* _Provided material_
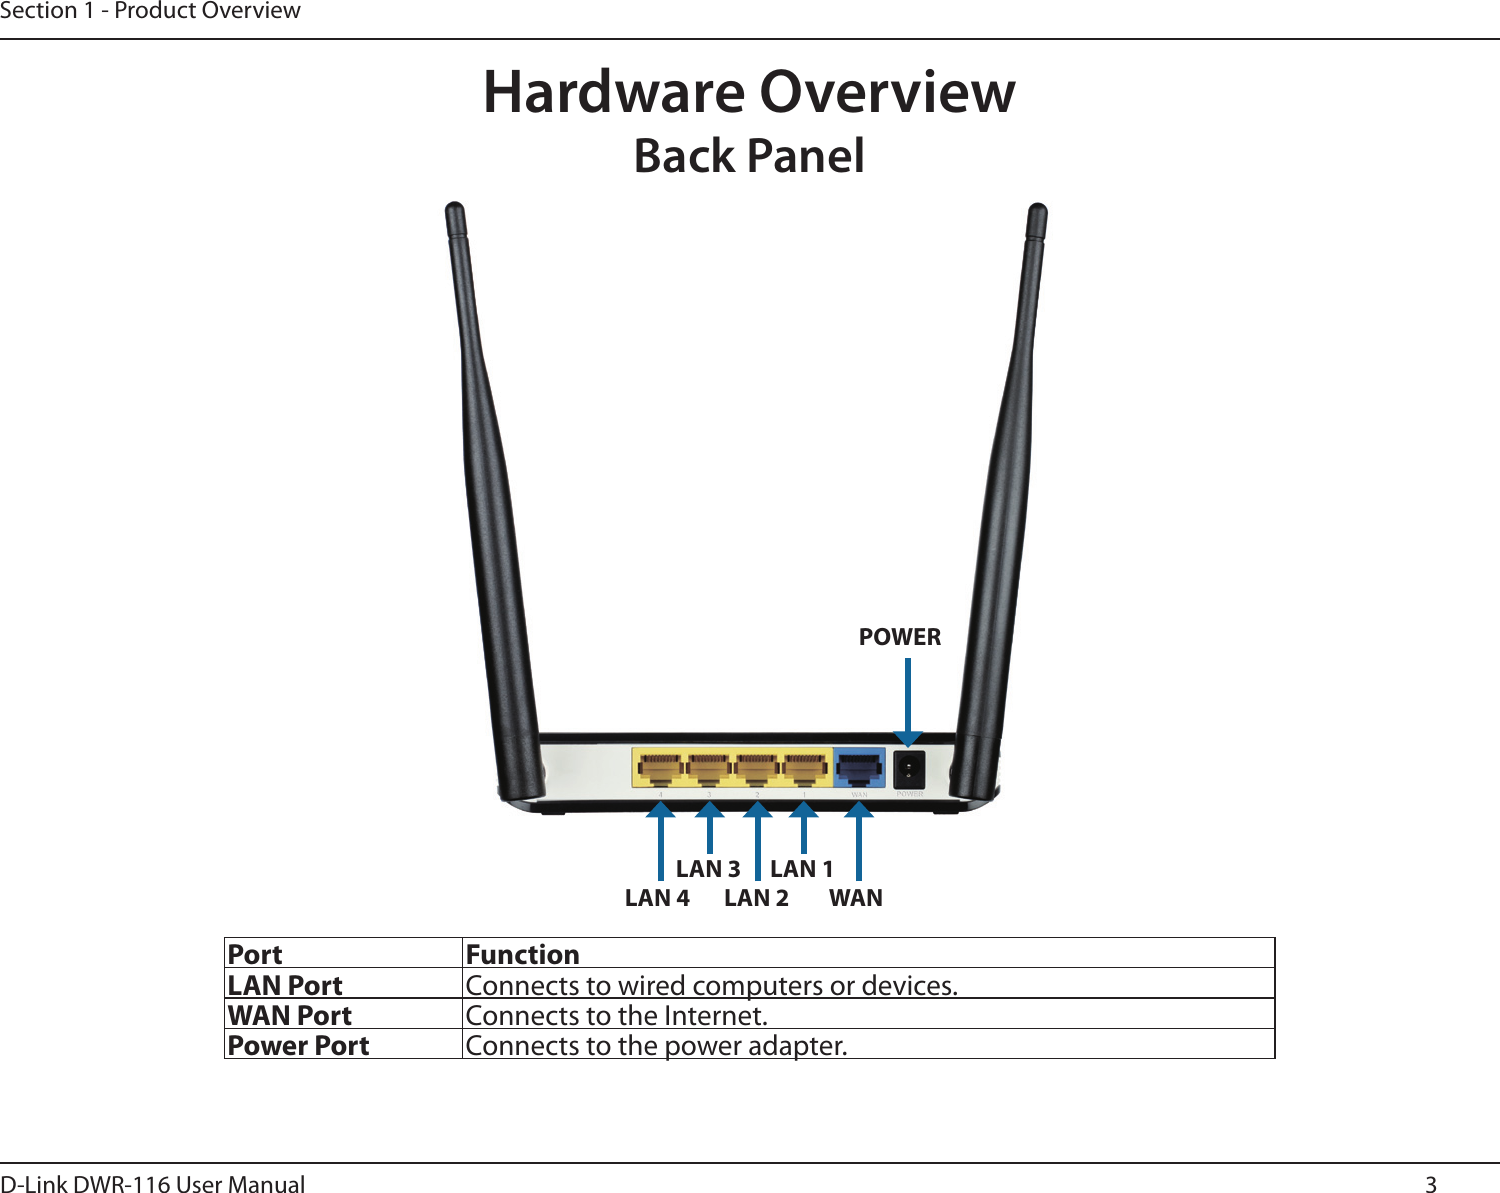 3D-Link DWR-116 User ManualSection 1 - Product OverviewHardware OverviewBack PanelPort FunctionLAN Port Connects to wired computers or devices.WAN Port Connects to the Internet.Power Port Connects to the power adapter.LAN 4LAN 3LAN 2LAN 1WANPOWER
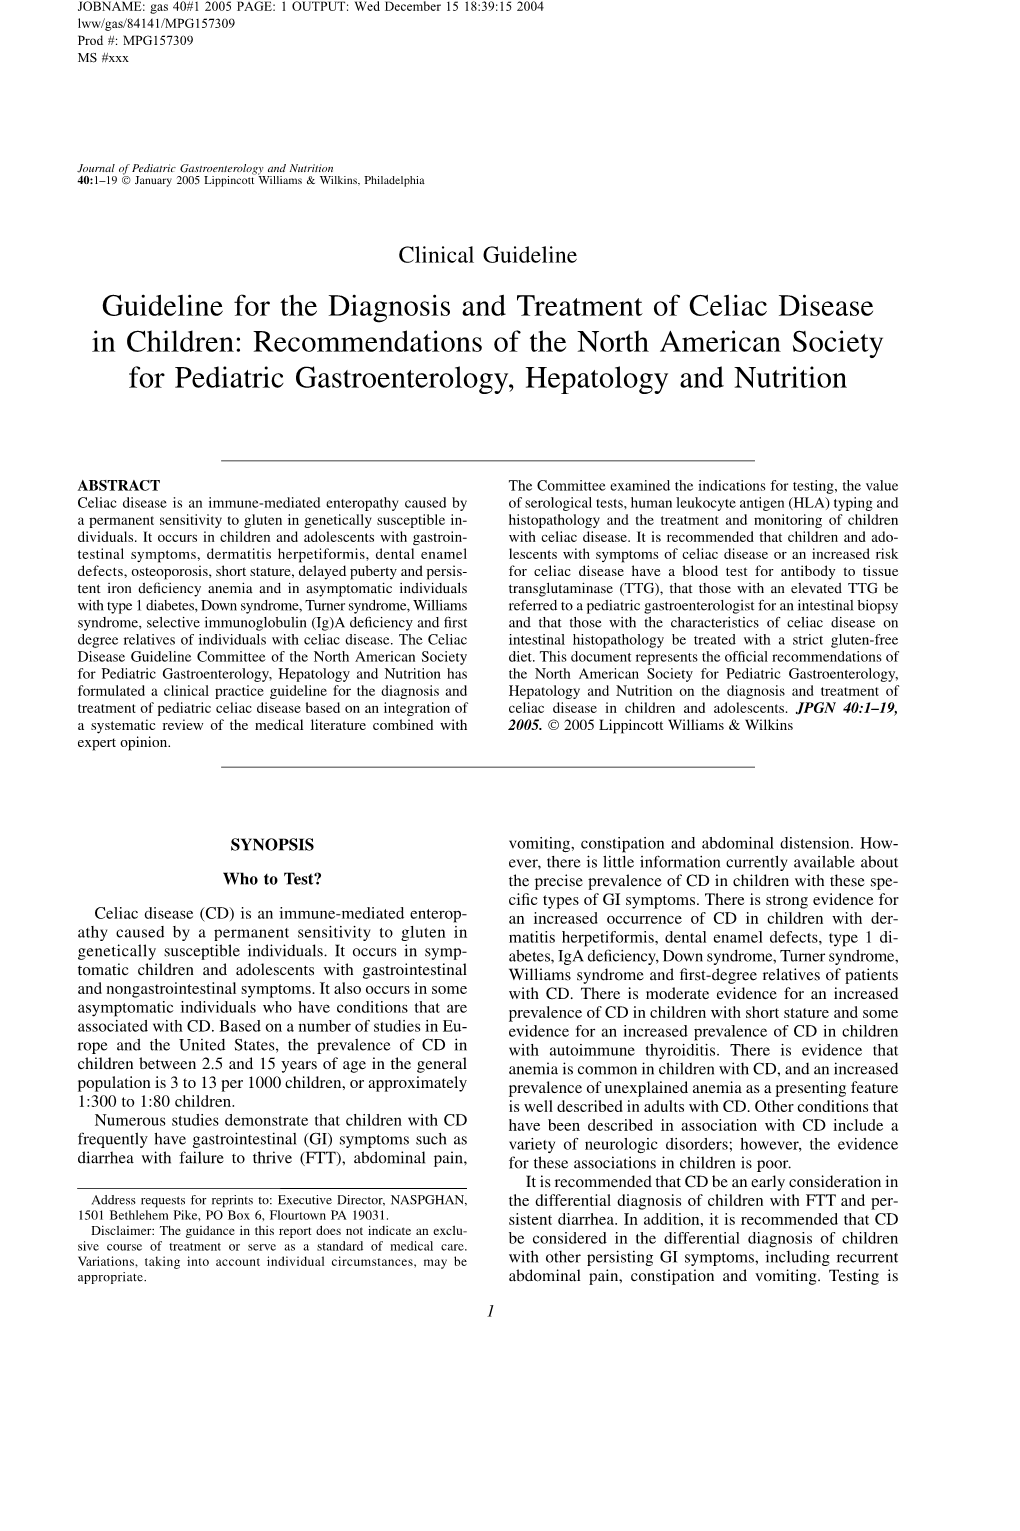 Guideline for the Diagnosis and Treatment of Celiac
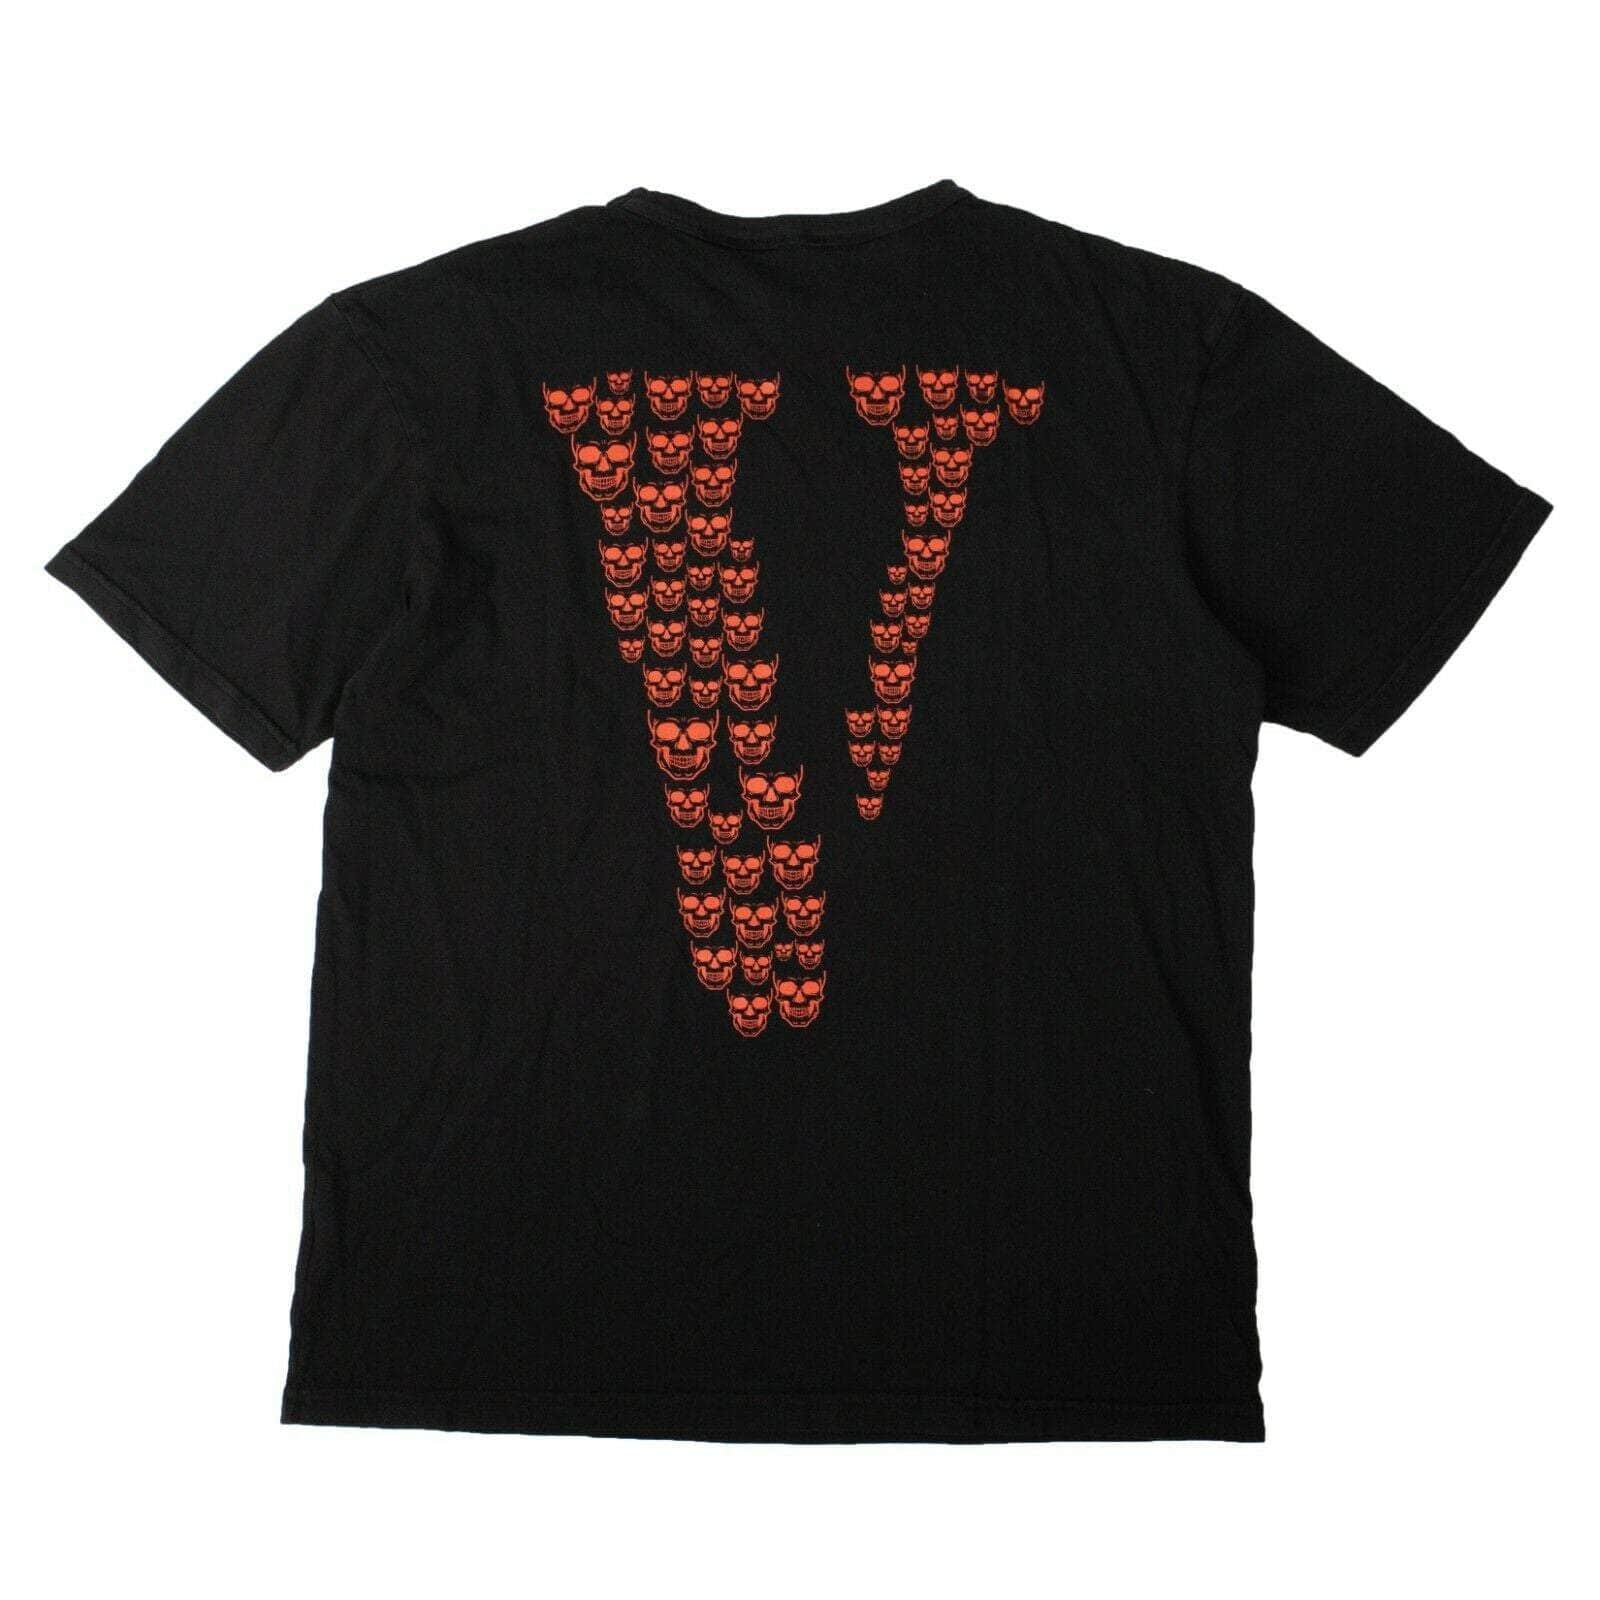 Vlone 250-500, chicmi, couponcollection, gender-mens, main-clothing, mens-shoes, size-s, vlone S Men's Black Cotton Red Skull T-Shirt 83-VLN-1005/S

* _Work instruction_
Your reply should hold exactly the lines from the line containing "Guideline for the" through the final line of the listing, and none of the pictures.

* _Problem solution_
 Guideline for the Diagnosis and Treatment of Celiac
 Vlone 250-500, chicmi, couponcollection, gender-mens, main-clothing, mens-shoes, size-s, vlone S Men's Black Cotton Red Skull T-Shirt 83-VLN-1005/S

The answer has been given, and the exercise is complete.